Migrations
Presented by: Ivana Perica
In a short note on writing serving as a preface to the novel, the author claims: "It’s a hard life being labelled 'political'" (Preface). He adds: "I am not a politician. What interests me is people." (Preface) Indeed, Refugee Boy, like literary writing in general, cannot be considered an instrument of politics in the classical sense of the word. Yet this short novel is unmistakably political, for it was written with the intention of righting the wrongs committed by politics. Since the two pillars of the nation-state – jurisprudence and schooling – consistently fail to recognise the human in every human being, most especially in the case of stateless people, this novel aims to show, indeed teach, that "each 'refugee' is a person, a person who for some reason has left everything they know and love to find safety in a strange and sometimes hostile country" (Preface). The educational purpose of this political novel rests on the hope that "anyone who reads the book would think before they accuse refugees of looking for a free ride" (Preface).
The story unfolds in a linear fashion. It begins with two very short chapters entitled "Ethiopia" and "Eritrea" that describe the violent intrusion of armed forces into the home of the Kelo family. The spouses – mother and father – who were born in the two neighbouring countries that are now at war, are asked about their nationality, the choice being either Ethiopian or Eritrean, and nothing in between. In two iterations of the same scene, the father repeats the same answer to the soldiers, namely "I am an African" (chapters "Ethiopia" and "Eritrea"). They threaten him with rifles and call him a "traitor", an "enemy", and his son a "mongrel" (ibid.). On both occasions, the intruders give him a simple order: "Leave Ethiopia or die" i.e. "Leave Eritrea or die" (ibid.).
Determined to get his son Alam to safety, the father manages to safely transport them both to the United Kingdom. But after they spend a few days in a hotel room and his son Alam begins to adjust his eyes and ears to the English weather and language, suddenly, without any announcement, the father returns to Africa, leaving his son unattended but – as it turns out – in good care. Not only do local refugee organisations take care of him, but after some unpleasant detours through the British orphanage and school system, Alam is eventually placed in the care of a generous family (of Irish origin) who have experience in caring for underage refugees. Alem is soon accepted as a member of the school and the local community. With a little help from his friends, he becomes a hero when he and his father (who returns to the UK after his wife falls victim to war atrocities) receive a negative court decision on their political asylum claim. As part of this decision, the father is now considered by the authorities to be the legal guardian of his son. Alam had previously been "placed in the care of the local authority because [he] did not have a guardian in this country", but now this guardianship is revoked, Alem is to return to his country of origin with his father (chapter 20). However, after a shocking twist (his father is shot dead in the street by an unknown individual), the court's decision is reversed and Alem is granted an "exceptional leave to remain” (chapter 25).

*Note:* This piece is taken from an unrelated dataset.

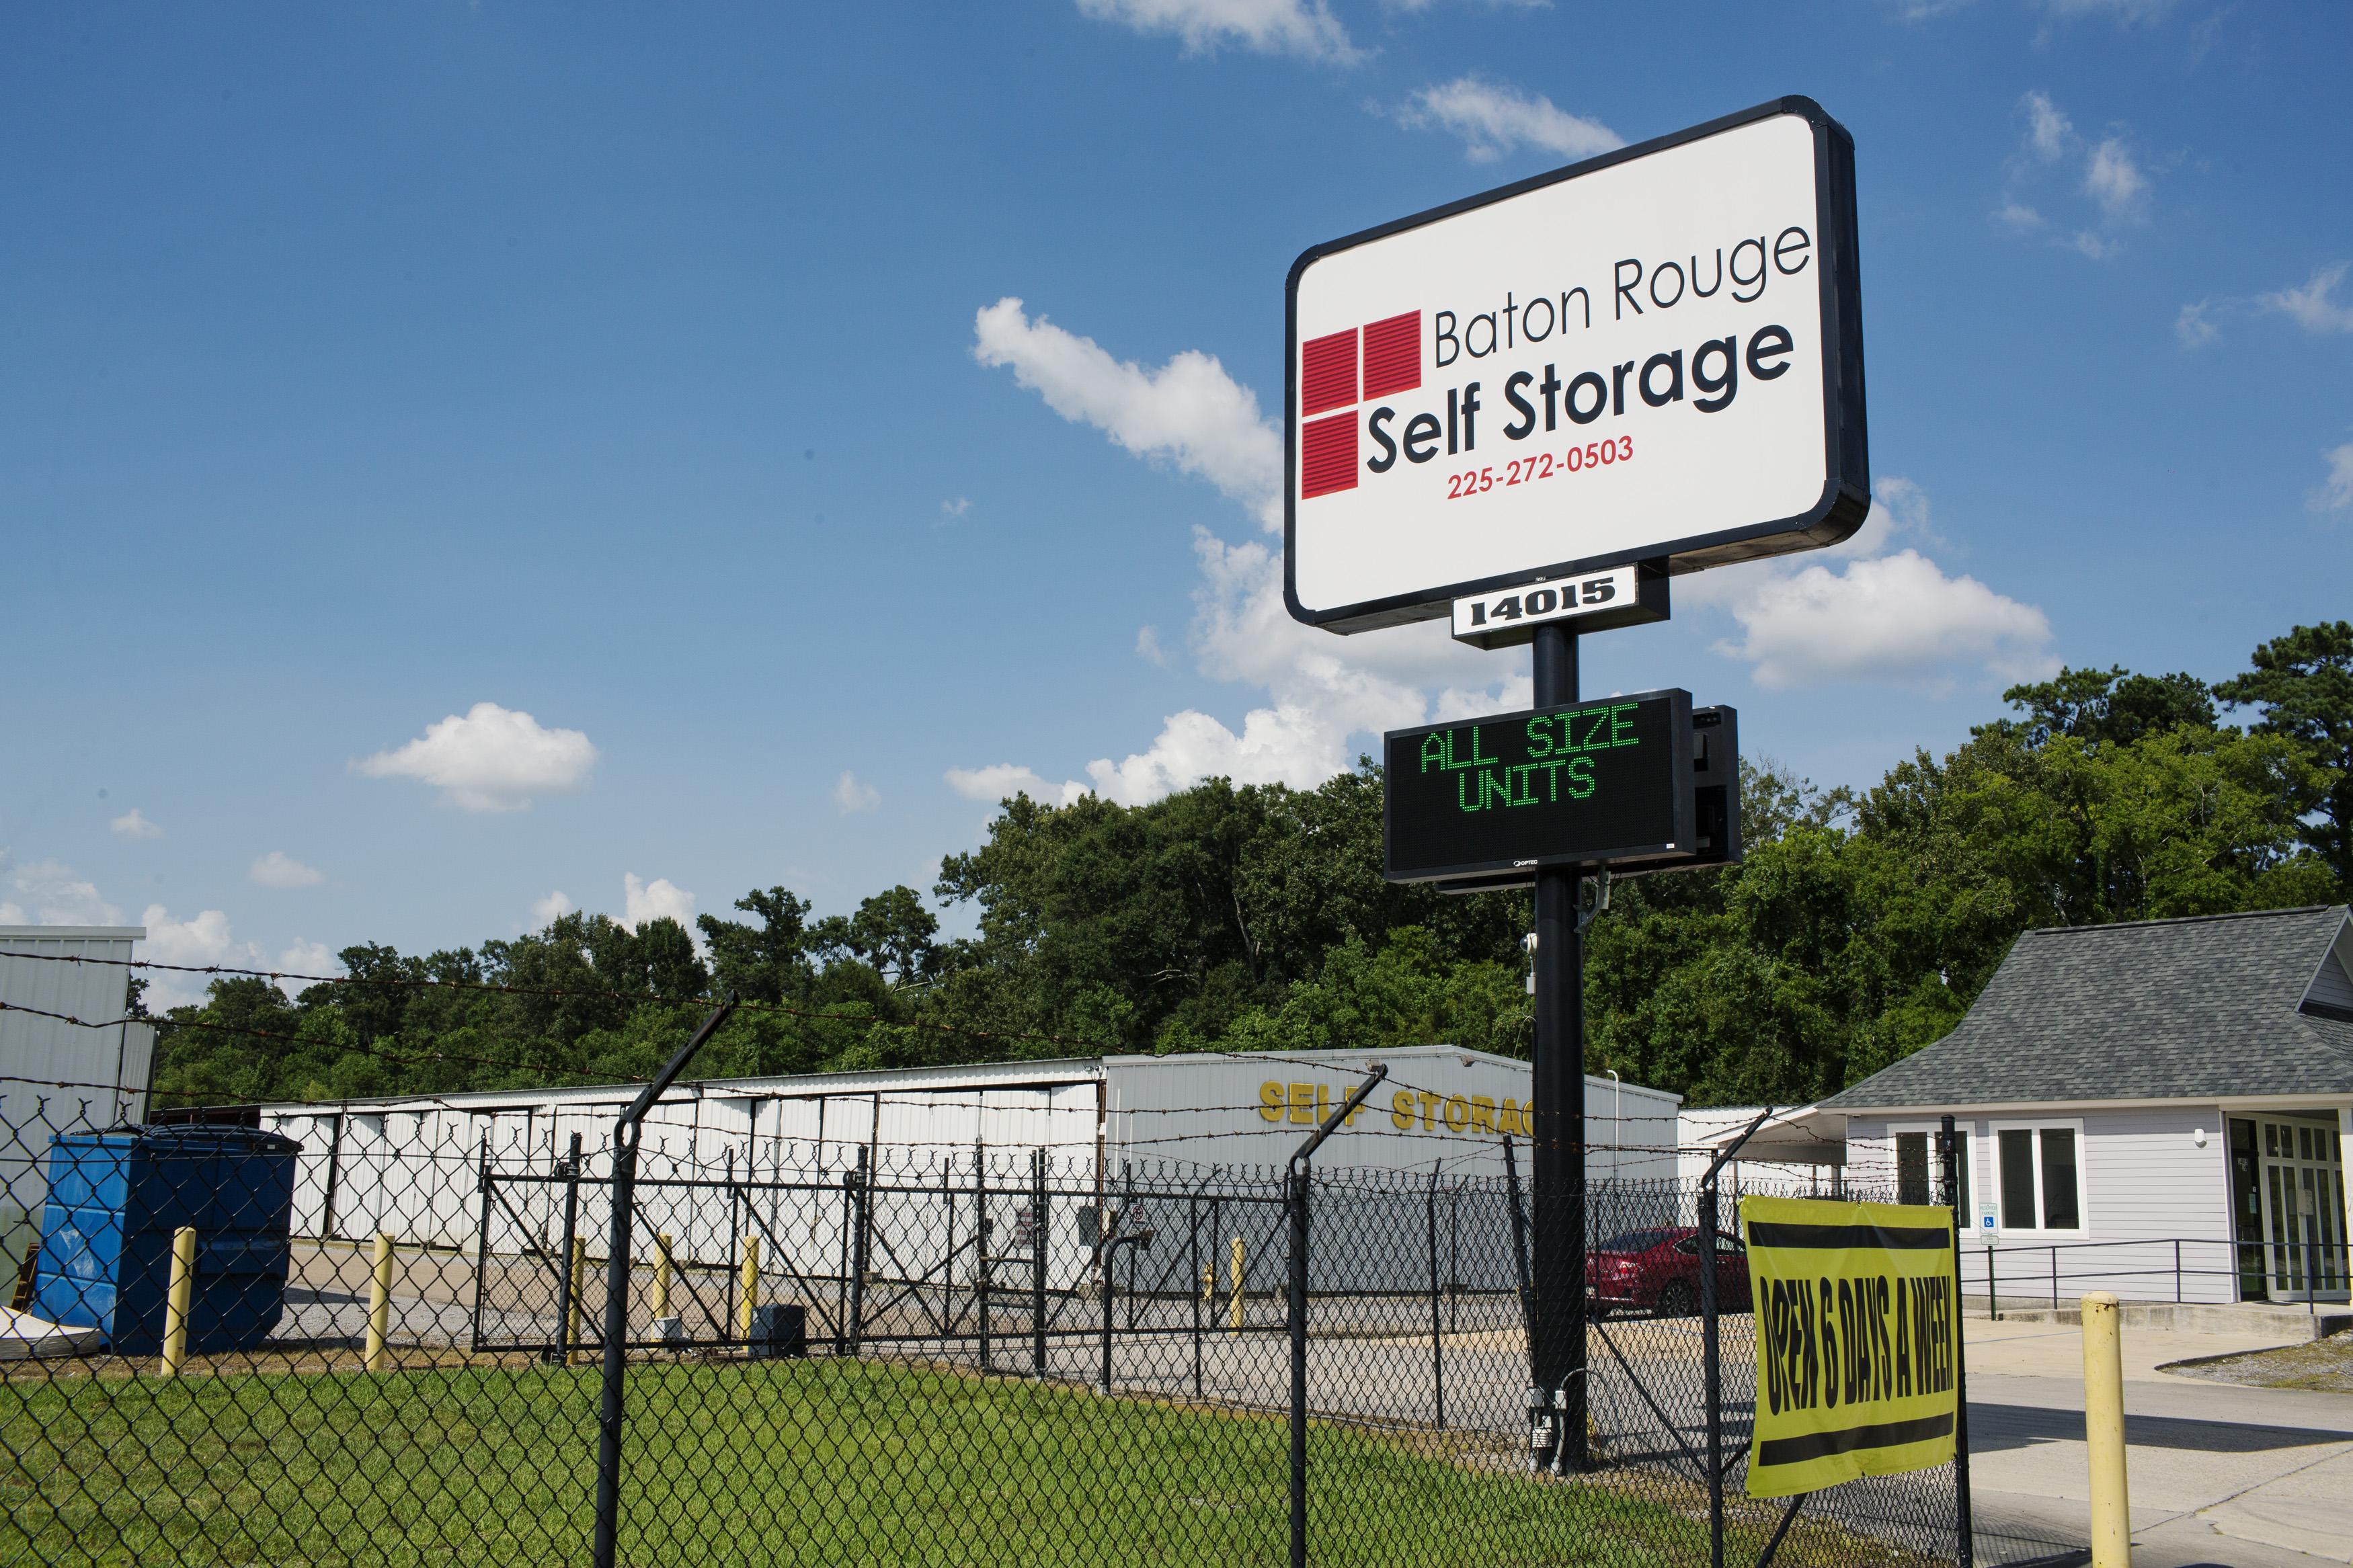 Storage units in Baton Rouge, LA

The novel was included in the Small Island Read project in 2007 and was read in workshops that focused on "young adult, reluctant and emergent adult readers" (http://www.bristolreads.com/small_island_read/education.htm).
In addition to the information about the reading project, the novel's paratext states: "Younger readers are being encouraged to read Refugee Boy because of its insight into the problems faced by asylum seekers as well as its celebration of the diversity of Britain.” (Afterword)
Perhaps it is because of this pedagogical intent that the novel's main character is clearly a 'good refugee': Alem is forced to flee his country or countries of origin to save his life, leaving no room to question the reasons for his arrival in the UK. He is not representative of the so-called 'economic migrant', whose motivations are controversially discussed in political debates, often with the aim of denying people on the move their basic human rights. Rather, Alam symbolises defenseless children who are ready to educate themselves and become successful according to the standards of the host society. While the trauma of moving to a foreign country, including being abandoned by one parent and soon losing both parents, first to war, then to anti-immigrant hatred, is likely to provoke resistance to the new country, its language, its customs, and its explicit expectations of assimilation, Alem acts out his grief in an almost unwavering determination to learn, to read, and to take advantage of the opportunities he is given. Even his commitment to human rights is portrayed as an act not against but for the host society, which makes the refugee in Zephaniah's novel a "bearer[] of hope for progressive change" (Behrmann 44).
In a short but excellent essay titled the "Novel Representations of the Refugee", Simon Behrmann points out that Refugee Boy "ends up cleaving closely to a romanticized refugee subject capable of being valorized within the dominant discourse" (44). The question a critical reader might ask, then, is less about refugees themselves than about the image expectations that refugees must meet in order to be accepted in a new society – both legally and culturally. This pressure to make narratological and ideological compromises has been brilliantly portrayed in another milestone in refugee literature, Dina Nayeri's The Ungrateful Refugee (2019).
Further reading:
Behrman, Simon. “Between Law and the Nation State: Novel Representations of the Refugee.” Refuge: Canada’s Journal on Refugees 32.1 (2016): 38–49. Nayeri, Dina. The Ungrateful Refugee. Edinburgh: Canongate Books, 2019.